Sounds silly to me. Putting a proxy in front of a proxy doesn't change the tcp/ip stack. If you tuned your network stack and Apache properly it should be able to handle anything you throw at it. I don't remember what the setting was, but modern versions of Apache should be able to only send a request to the app server once the client has finished its request to the frontend.

pbreit · on July 2, 2012

I'm not sure why you don't think it's caching. They are doing more than just sending the whole page over a preferenced connection.

Igal_Zeifman · on July 4, 2012

Nothing new, this is all just repackaging. This is all just basic CDN proxy tech all providers (including CF) had for years. Giving it a cool name, dose not make it new or exiting.

Here are some helpful links - CF customer testimonies:

http://x-pose.org/2012/02/speed-up-your-site-disable-cloudfl...

http://www.husdal.com/2011/07/01/incapsula-versus-cloudflare...

alt_ · on July 2, 2012

Delta encoding for HTTP has been proposed since 2002[0], but seems to have been lukewarmly received.

A fully server-side solution will probably bypass most problem cases, but might solve some, so I hope CloudFlare looks into contributing to a distributed standard solution.

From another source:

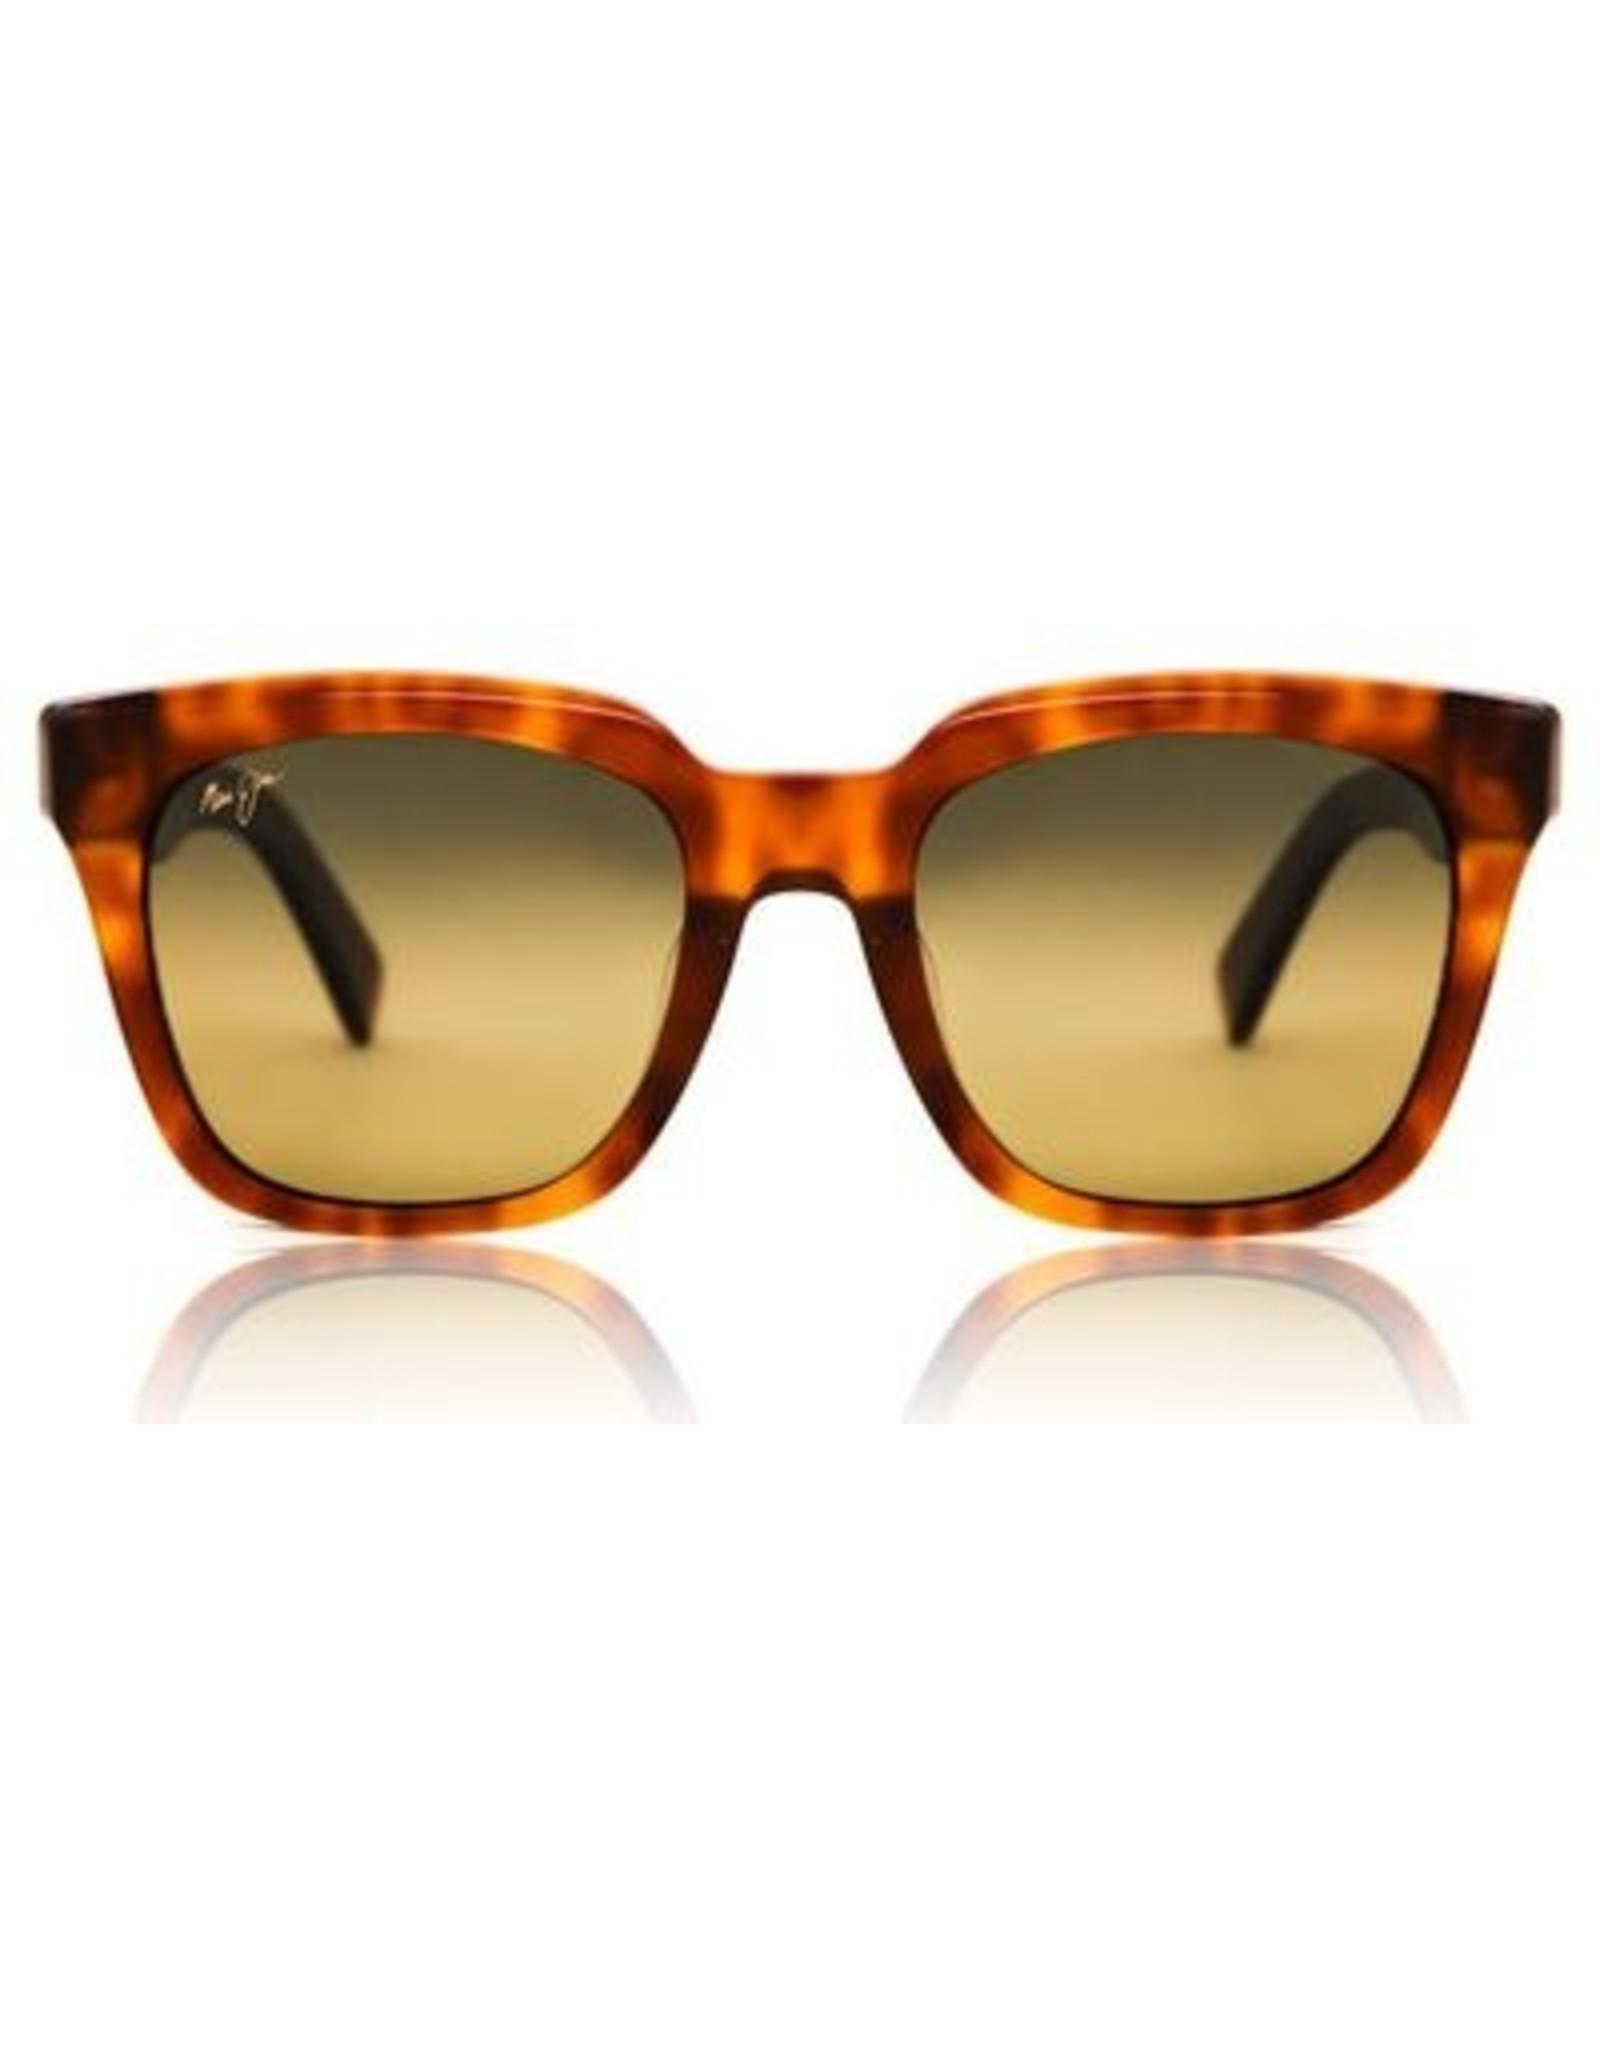 Maui Jim Maui Jim 'Heliconia' Sunglasses

[0] http://tools.ietf.org/html/rfc3229

obtu · on July 2, 2012

This deals with the protocol and leaves the diff tool pluggable (RFC 3284's vcdiff is suggested), so it looks like something railgun could be using internally.

Google's SDCH (mentioned in CloudFlare's post) is an alternative that isn't tied to a single URL, but involves prefetching some data that may or may not be needed, so it's a bit hacky.

An interesting approach would be to hook into a template engine to generate a page skeleton with dictionary references. That would allow reordering the small, newly generated varying snippets before the large common ones; both could be preemptively pushed using SPDY to avoid round-trips.

jgrahamc · on July 2, 2012

The really big problem with SDCH is that is places a burden on the web site owner to generate dictionaries and to know when to generate them and how. The protocol is one thing, the reality is another and that's why it has not been widely adopted.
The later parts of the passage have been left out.